A ¥100 Map in Every Classroom

Virtually every juku classroom that I’ve ever visited has a world map on the wall. You know the one with the flags of all UN members arranged around the outside of the map. These are generally available at the ¥100-shop (equivalent to Dollar Stores).

Generally, these maps are quite decorative in that they are colourful and with their B3 size take up a bit of wall space. What I do find surprising is how universal this is as decoration.

In addition to being decorate, the world map obviously also includes information, namely the names of countries, important geographical features, etc. Much of this information may also show up as test material in social studies classes.

However, world maps are not the only imaginable decoration-cum-learning-content. What about a periodic chart of elements? Or, geometrical shapes and their accompanying formulae for area and volume? Geometry takes up substantially more teaching time and commands more attention (in part because arithmetic/mathematics is a subject that features on more entrance examinations) than geography does, but somehow the world map has established itself as decoration of choice for juku classrooms.

“Enduring Contexts”: Nomi

As part of the “Enduring Contexts” discussions, Tomoaki Nomi, Southeast Missouri State Univ, presented some of his work on the link between socio-economic background and students’ academic achievement. He is drawing on data from Tokyo prefecture and focuses on elementary and middle school.

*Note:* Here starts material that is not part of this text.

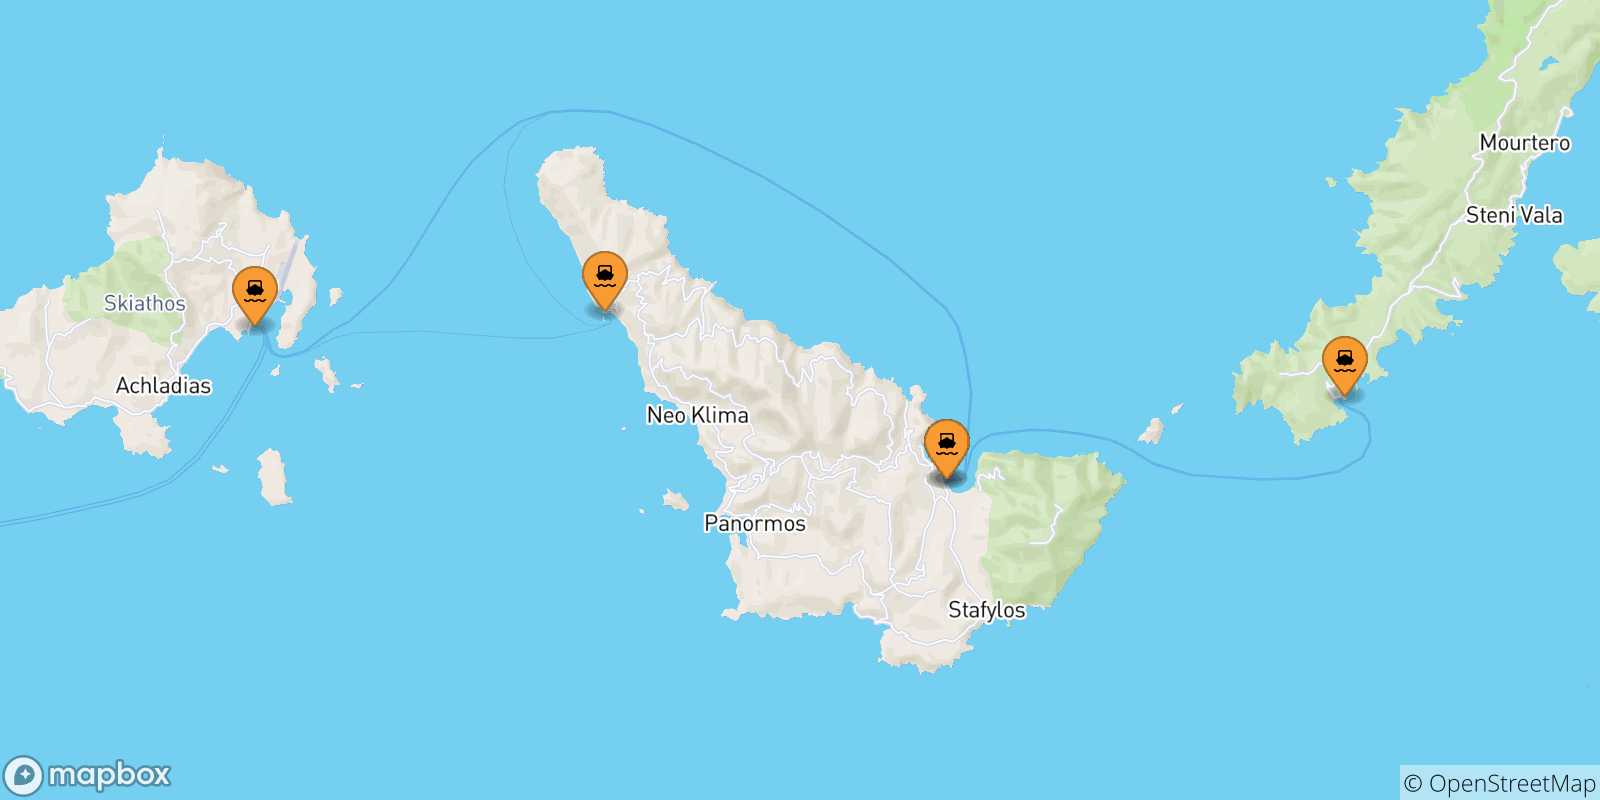 Mappa delle possibili rotte tra le Isole Sporadi e Skiathos

In his paper, Nomi referred to the general decline of academic standards in Japan as a “widely recognized trend”. I strongly object to this view, as I also expressed in my comments on Hyunjoon Park‘s contribution. In short, what is important about Japan’s PISA scores is that they have been interpreted (along with other data) to suggest a general trend of decline and this perception is pervasive, not whether this trend is actually empirically substantiated (which I doubt). Keita Takayama has written decisively about this issue and has recently been awarded the CIES’ George Bereday Award for the most outstanding article published in the Comparative Education Review. In the end, this was more of a semantic disagreement with Nomi.

For further reading, I would  recommend Nomi’s Japan Focus article: “Inequality and Japanese Education: Urgent Choices“. For a different view articulated most prominently by Takehiko Kariya, see “Misinterpreting Globalization in the Context of Japanese Education Policy” in Asia Pacific Memo.

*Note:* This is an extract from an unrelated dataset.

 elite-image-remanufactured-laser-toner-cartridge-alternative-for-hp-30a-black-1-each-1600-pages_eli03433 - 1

CIES Presentation Langager et al.: Balancing CJK and English Literacy Objectives

With thanks to Mark Langager for sharing their abstract.

Wednesday May 4: Session 424, 13:45-15:15h, Floor C – Saint Laurent

Mark Langager, Hui Xu, and Jadong Kim, International Christian University

“Balancing CJK and English Literacy Objectives: A Case Study of East Asian Supplementary Schools in the Seattle Area”

Abstract

Biliteracy has been broadly seen as being acquired by learners on a number of continua (Hornberger, 1989) between sets of two poles, including L1 versus L2 dominance, textual versus oral skills, communicative versus academic language and so forth. Until the recent work of Kondo-Brown and others (2006), however, most of the biliteracy literature has focused on that which occurs between languages with Latinate orthographies. Moreover, outcomes typically view language minorities as immigrants and thus favor analyses, findings, and conclusions based on skills in L2, generally the language of the host country and often the researcher (Langager, 2010).

Staking a more neutral spot on the continuum between ultimate L1 versus L2 literacy objectives, the current study uses interview and observation data to examine educational objectives of Chinese, Japanese and Korean communities providing L1 Saturday instruction at supplementary schools in the Seattle area. Students’ US residence ranges from short-term to long-term and thus literacy goals favor a range of priorities between L1 and L2. Initial findings suggest the three language communities all differ systematically in their literacy acquisition goals, albeit all three hold fast to both L1 and L2 objectives. Differences are identified among the three communities in the quality of governmental overseas assistance, circumstances bringing families to the US, educational career paths, and the place of entrance exams in the homeland. Accordingly, while children’s education varies considerably among individuals, separate patterns can be traced for the three communities.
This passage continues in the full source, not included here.